Иван Павлюткин. Мы начали беседу с вопроса, чем могут быть полезны антропологические исследования финансистам. Так вот, если говорить о мгновенной возможности, о краткосрочном интересе быстро заработать определенную сумму денег, то полезны они ничем быть не могут.

Но если думать в длительной перспективе, если пытаться понять, куда может двинуться рынок… ведь дело не только в том, что существуют кризисы. Похоже, что будет происходить радикальная смена национальной финансовой модели. Меняется структура населения, она не будет такой, как в прекрасную пору всеобщего роста рынков; будут уходить определенные игроки; будет усиливаться регулирование; возникнет вопрос о принципиально новых продуктах.

Возможно, в такой ситуации были бы полезны попытки коллективно осознать, каков будет переход и как он будет происходить в поле финансов. В этом как раз может помочь социология и антропология. Она, во-первых, может предложить свое видение реальности. Во-вторых, возникает обмен мнениями - и он продуцирует новые оценки. Возникает понимание, что из тоннеля можно и выбраться, да и в нем двигаться как-то иначе. Но заказчиками таких проектов пока что были не финансисты.

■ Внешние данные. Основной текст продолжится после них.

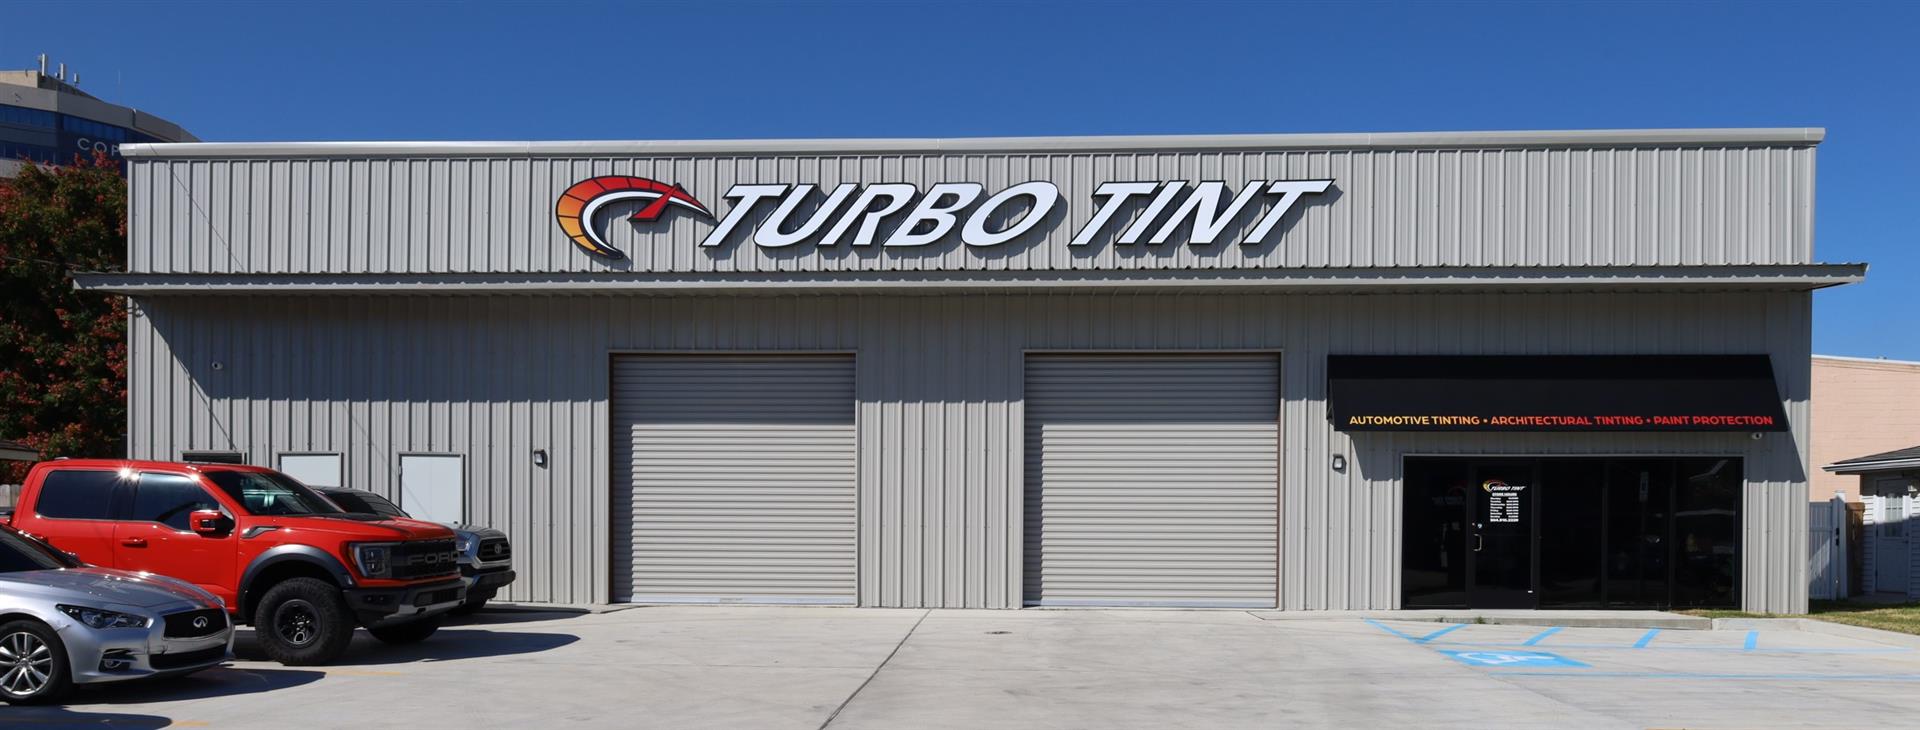 Tire Pro Fulfills Entrepreneurial Dream With Louisiana’s First Turbo Tint Location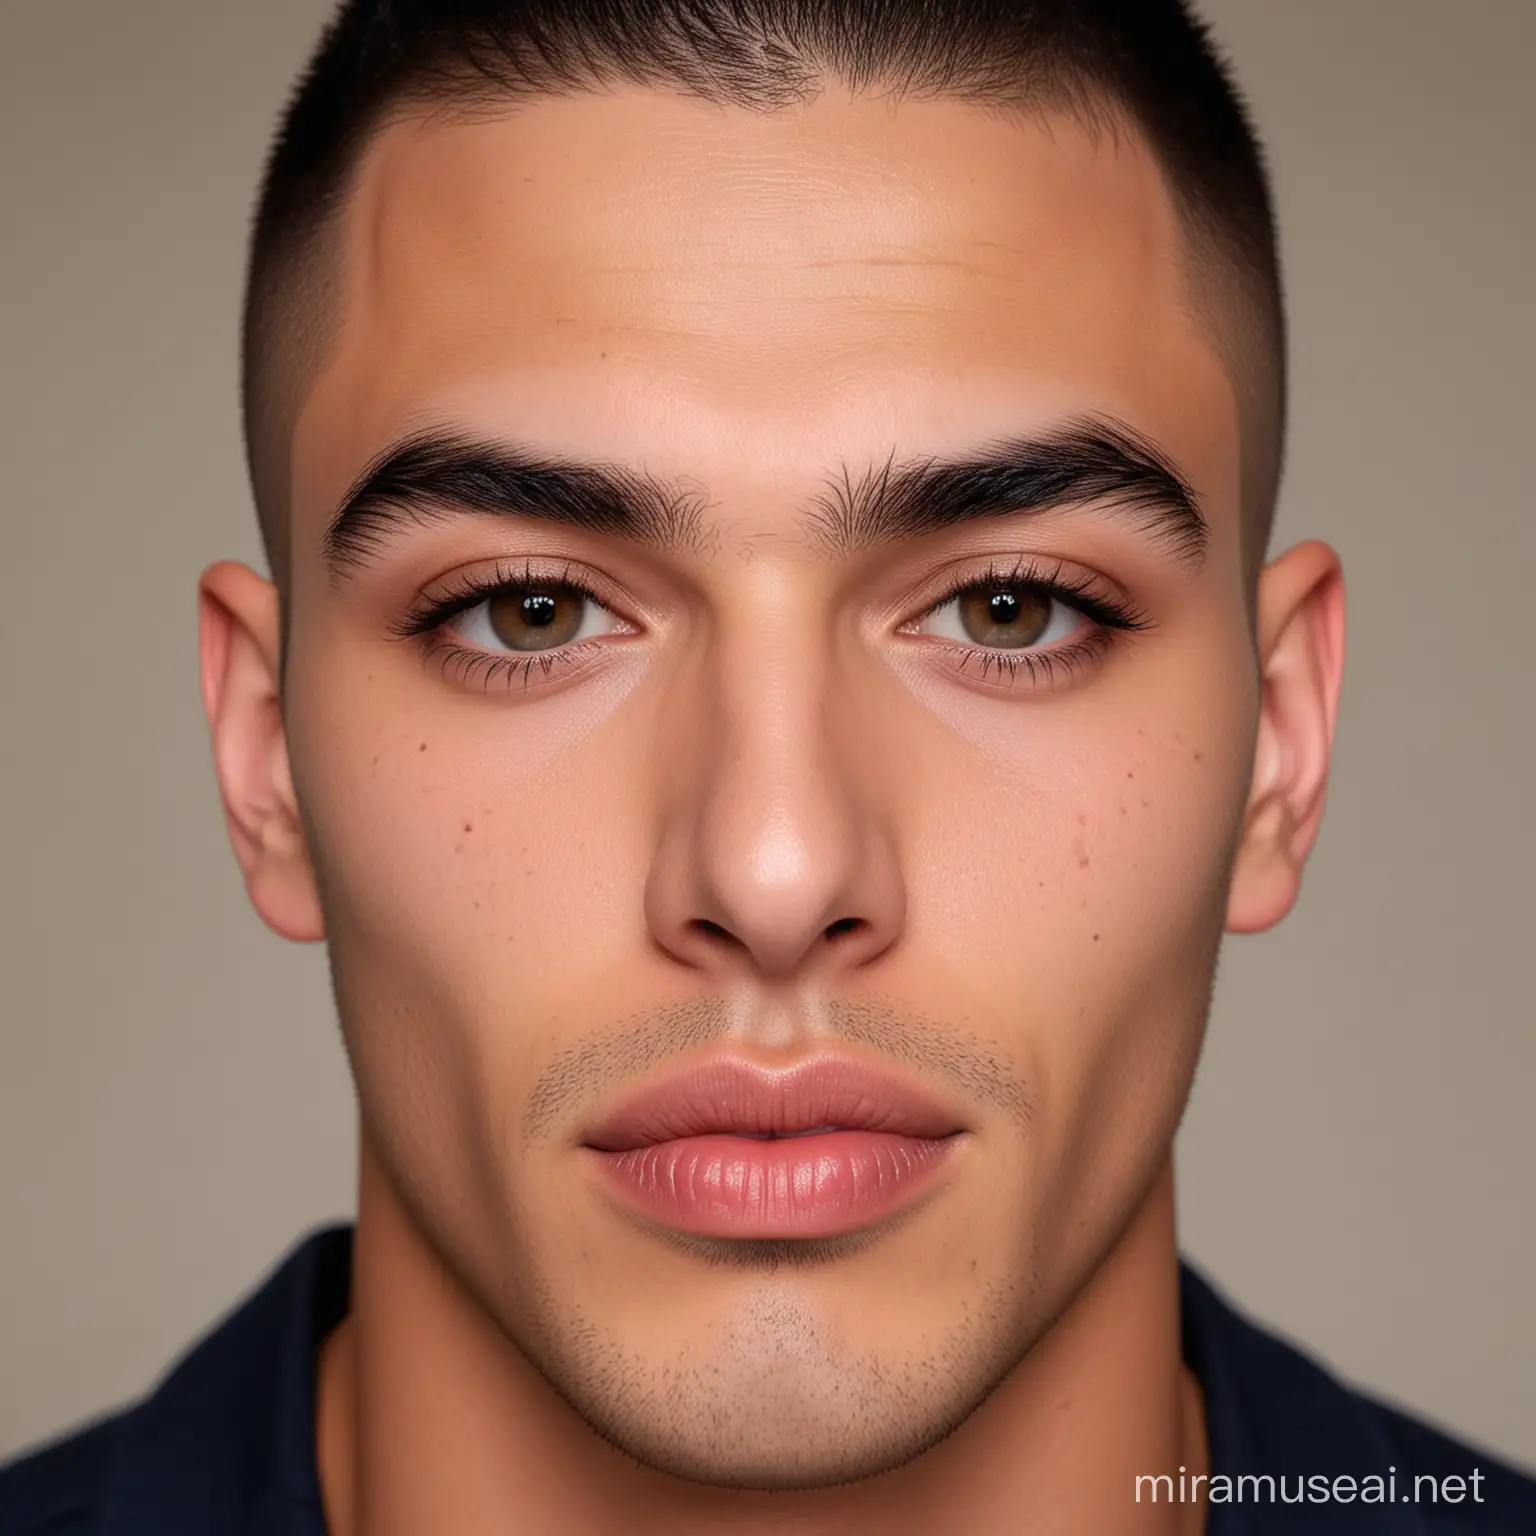 22 yo handsome Chilean man face, shaved, symmetric face, handsome, huge lips, thick brows, perfect, HD, 8K, skin texture, square jaw, front view, bald,

Это были люди, которые готовы думать в длительной перспективе и при этом, помимо прочего, еще и об общем благе.

Об общем здоровье финансовых рынков; о будущем этих рынков.

Григорий Юдин. С одной стороны, механизмы типа кредитования питают экономический рост и от них никуда не деться. С другой стороны, хотелось бы, чтобы такие механизмы не приводили к регулярным кризисам. Это сегодня экономический ключевой вызов, на который нужно ответить для того, чтобы обеспечить устойчивое развитие. И у антропологии есть на него обоснованыне ответы.